Зал покачнулся, когда она поднялась: наливка с полынью оказалась крепкой. Краста только рассмеялась, когда Вальню приобнял ее за талию, и они двинулись на площадку.
Вальню был светским хищником, и основной его добродетелью была последовательность – он не притворялся никем иным. Покуда они с Крастой танцевали, ладонь его соскользнула с ее талии на изящную выпуклость ягодицы. Он прижимал партнершу так крепко, что у нее не оставалось сомнений: виконт думает не только о танцах.
Краста могла бы вцепиться в него белыми острыми зубками за оскорбление ее благородной персоны.
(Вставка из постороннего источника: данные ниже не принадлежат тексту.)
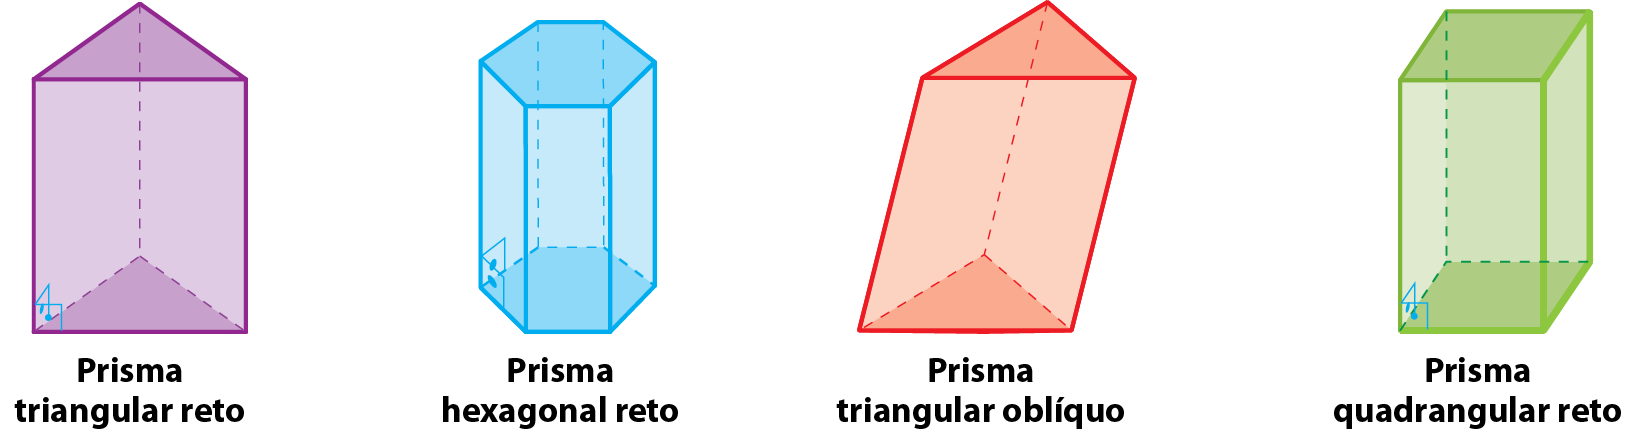 Ilustração. Prisma triangular reto. Poliedro formado por duas bases na forma de triângulo e três retângulos nas faces laterais. As arestas laterais formam ângulo reto com as bases.   Ilustração. Prisma hexagonal reto. Poliedro formado por duas bases na forma de hexágono regular e seis retângulos nas faces laterais. As arestas laterais formam ângulo reto com as bases.   Ilustração. Prisma triangular oblíquo. Poliedro formado por duas bases na forma de triângulo e três quadriláteros nas faces laterais. As arestas laterais não formam ângulo reto com as bases.   Ilustração. Prisma quadrangular reto. Poliedro formado por duas bases quadradas e quatro retângulos nas faces laterais. As arestas laterais formam ângulo reto com as bases.

Она даже подумывала об этом – в той мере, в какой позволяло состояние изрядно нагрузившейся маркизы. Но насмешливая улыбка Вальню подсказывала, что именно этого он и ждет. А Краста ненавидела, когда ей приходилось оправдывать чужие ожидания. Кроме того, как она осознала, ее саму захлестывала похоть. Потом можно будет решить, как далеко она позволит ему зайти. А пока Краста просто радовалась жизни.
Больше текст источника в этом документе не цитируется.